We can build the layers on to each other by creating each layer and reassigning it to the same variable with the model our_layers = (new_layer)(our_layers). For simplicity, we will just use the variable x to stack the layers.

In the Entry Flow section of the image, the first two Convolution layers are shown with the parameters. The first number is the filter parameter which defines the number of output filters in the convolution. The dimensions represent the kernal_size parameter for the height and width of the convolution window. We can plug these values directly into the parameters for the Conv2D parameters. The use_bias parameter defaults to True; we will want to turn this off because this model does not use a bias vector. Finally, we can take advantage of the **kwarg to create the name parameter so we can keep track of where we are in the diagram.

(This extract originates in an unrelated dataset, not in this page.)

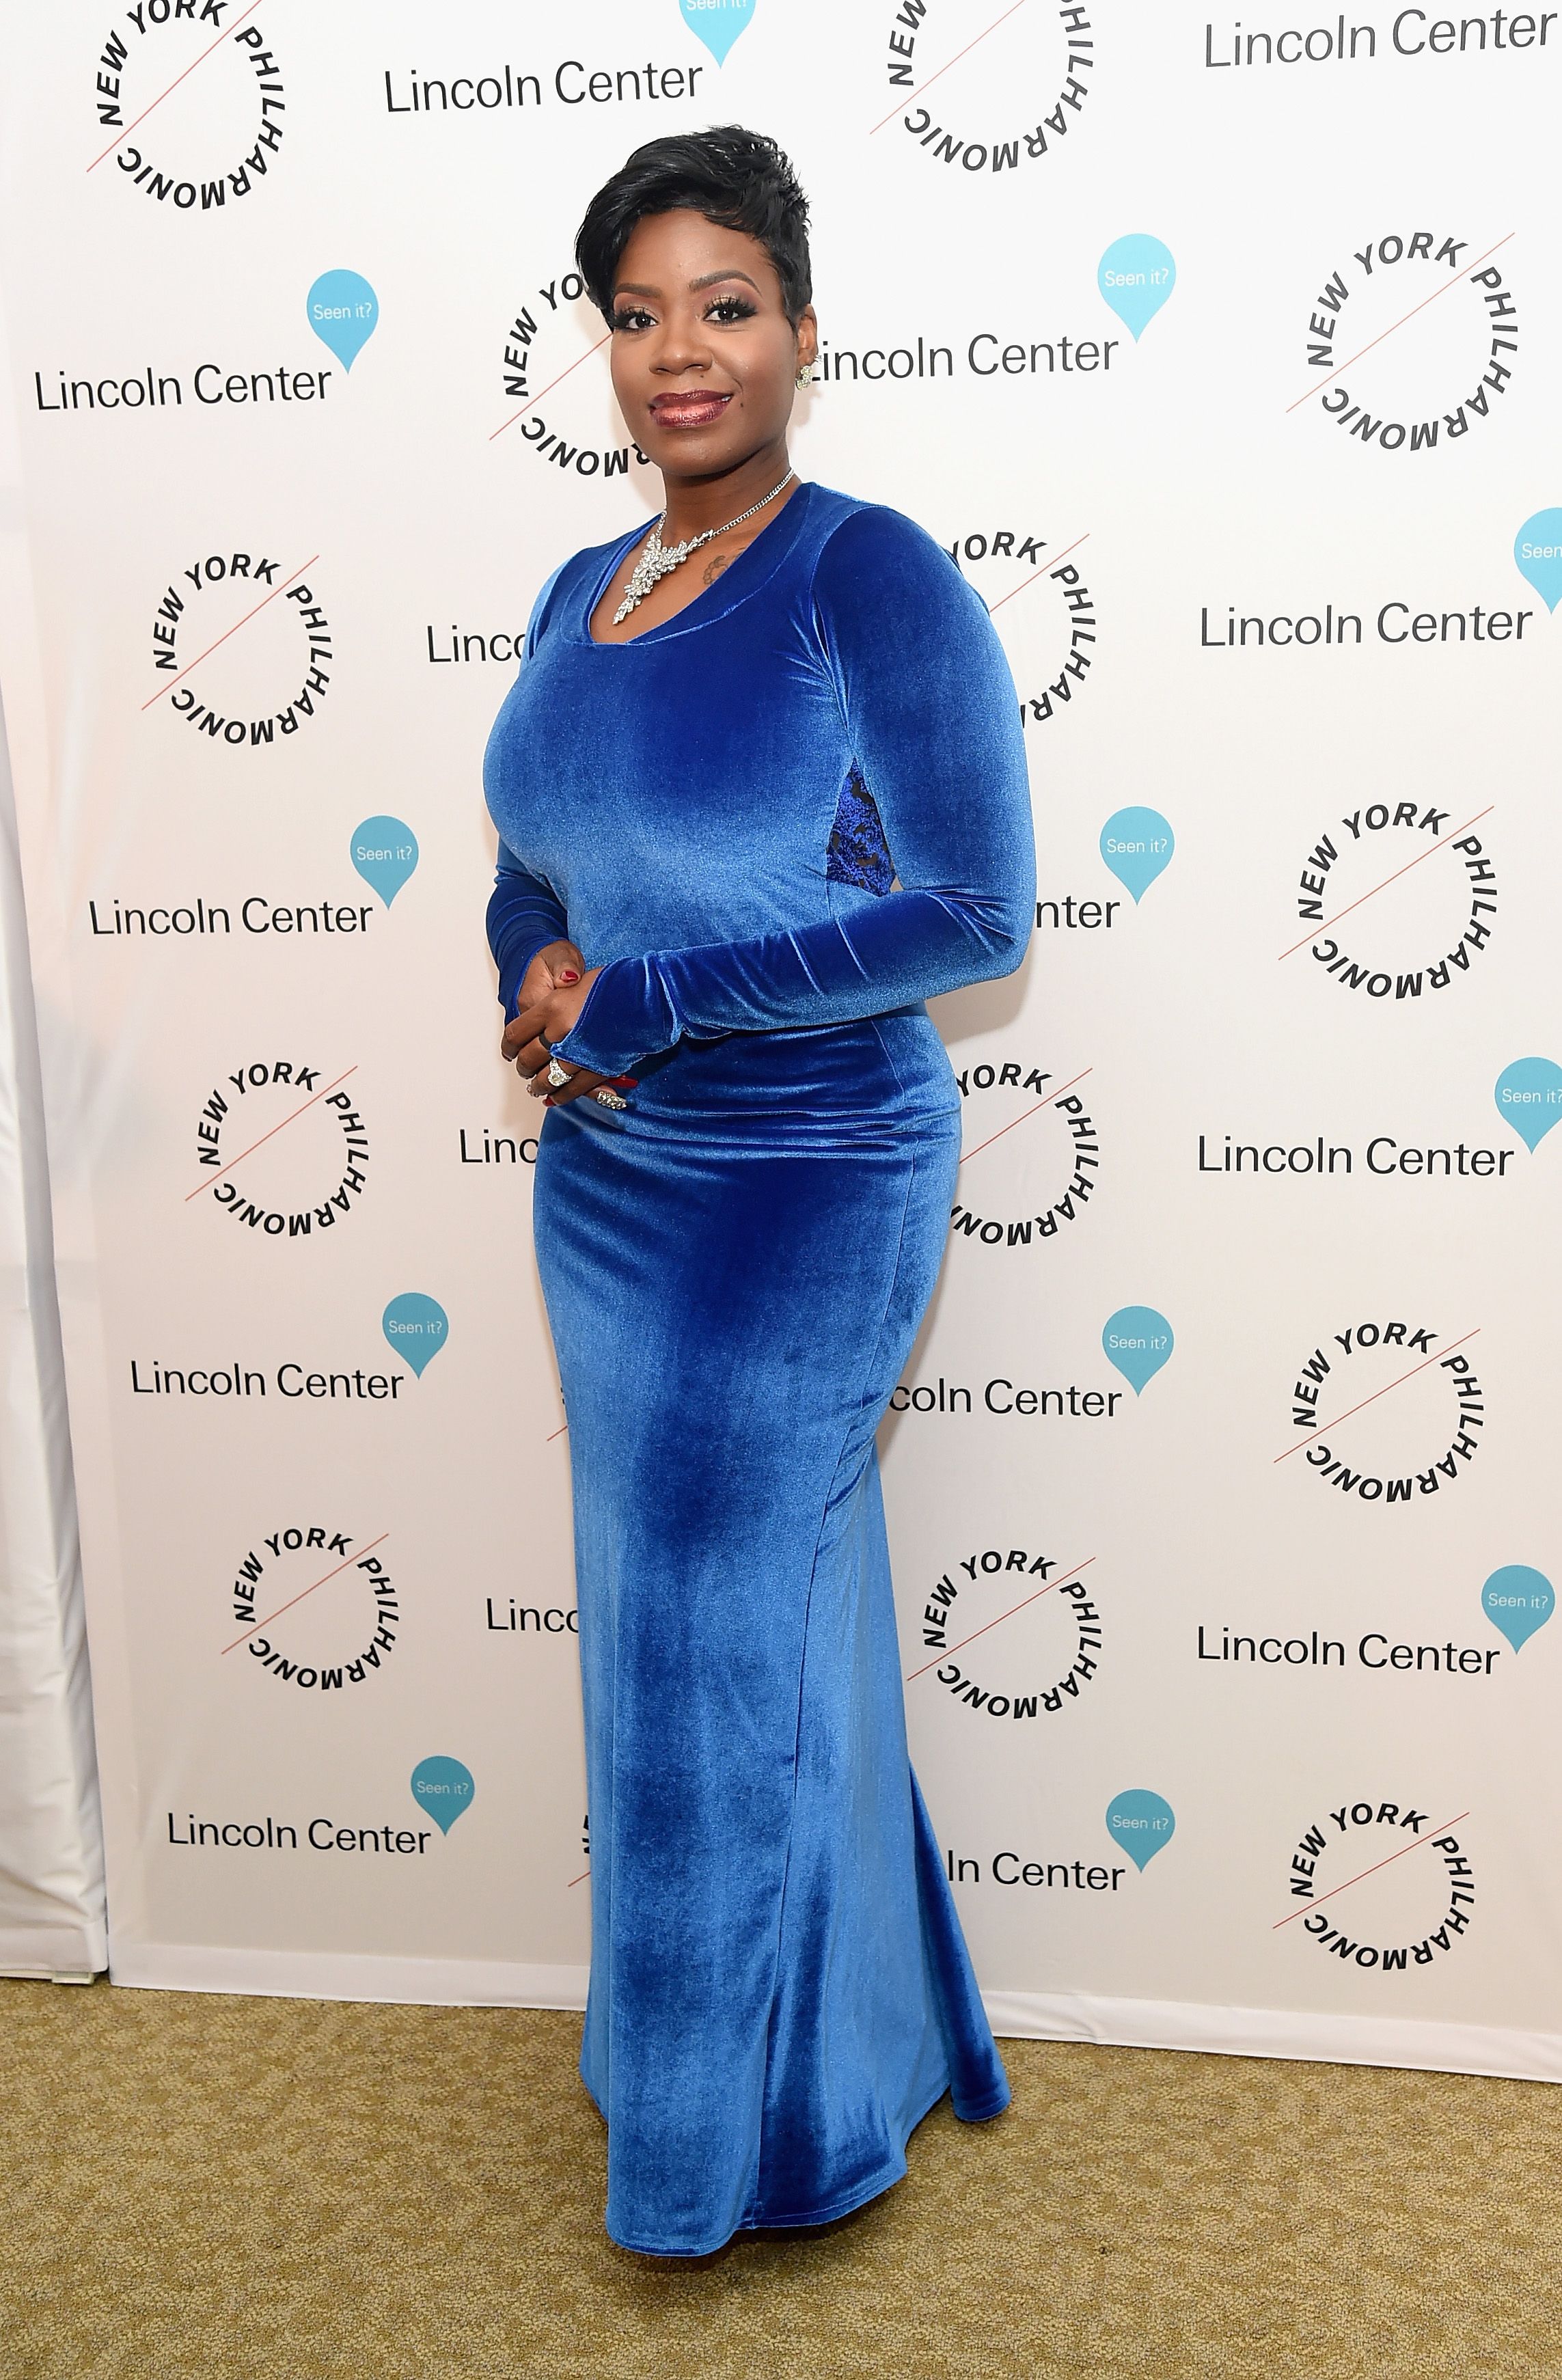 Fantasia Barrino during the "Sinatra Voice for a Century" event at David Geffen Hall on December 3, 2015 in New York City. | Source: Getty Images

Using what we know, each time a Convolutional layer is added, we want to add a normalization layer. The convolution layers will create the specified number of filters, and each filter will provide output on different scales. Because each of these different filters will have individual scaling on their activations, we want to normalize the scales across all filters to ensure the network is able to easily compare the values. To do this, we will use the BatchNormalization function.

The axis parameter for the BatchNormalization has a default of -1; the value chosen for the axis will be determined by a few different factors such as the backend (Theano or Tensorflow) and type of data being analyzed by the network. Theano orders the dimension by (batches, channels, width, height). Tensorflow uses the order (batches, width, height, channels). When selecting the axis argument, you are setting which axis to use for the mean and standard deviation calculations. Conv2D layers need to be normalized along the channels. Since the channel is the last value in Tensorflow, we want to use the default value. The name can be added to help us keep track of our progress.

We can then add the Activation layer after the normalization. The activation layer will transform the weighted input from the node to determine the final output for the node. By using the ReLU function, we are telling the network to use stochastic gradient descent with backpropagation of errors for training. ReLU is the activation always used for exclusive image recognition.

This completes the first module section. When looking at the diagram defining our flow, you can see the convolution layer wrapping around the next module section. This represents the linear residual connection layer, which wraps each module section of the model. These connections provide direct gradients to a network without passing through non-linear activations. These blocks will affect both the gradients of the network as well as the forward output values while providing a direct connection through the network. Researchers are still trying to understand exactly how they work, but they have been proven to improve the network.

    img_input = layers.Input(shape=input_shape)

x = layers.Conv2D(32, (3, 3),
strides=(2, 2),
use_bias=False,
name=’block1_conv1′)(img_input)
x = layers.BatchNormalization(name=’block1_conv1_bn’)(x)
x = layers.Activation(‘relu’, name=’block1_conv1_act’)(x)
x = layers.Conv2D(64, (3, 3), use_bias=False,

name=’block1_conv2′)(x)
x = layers.BatchNormalization(name=’block1_conv2_bn’)(x)
x = layers.Activation(‘relu’, name=’block1_conv2_act’)(x)

 

When constructing our residual layers, we will want to look at our next planned normal layer to understand some of our weights. We will use 128 features to match the features for the next normal layer, but the residual layers will use significantly smaller kernel sizes for the convolutional windows. We also want to define the padding for the residual layers. The default value for padding is “valid”; however, for the residual layers, we want to denote the value as “same”.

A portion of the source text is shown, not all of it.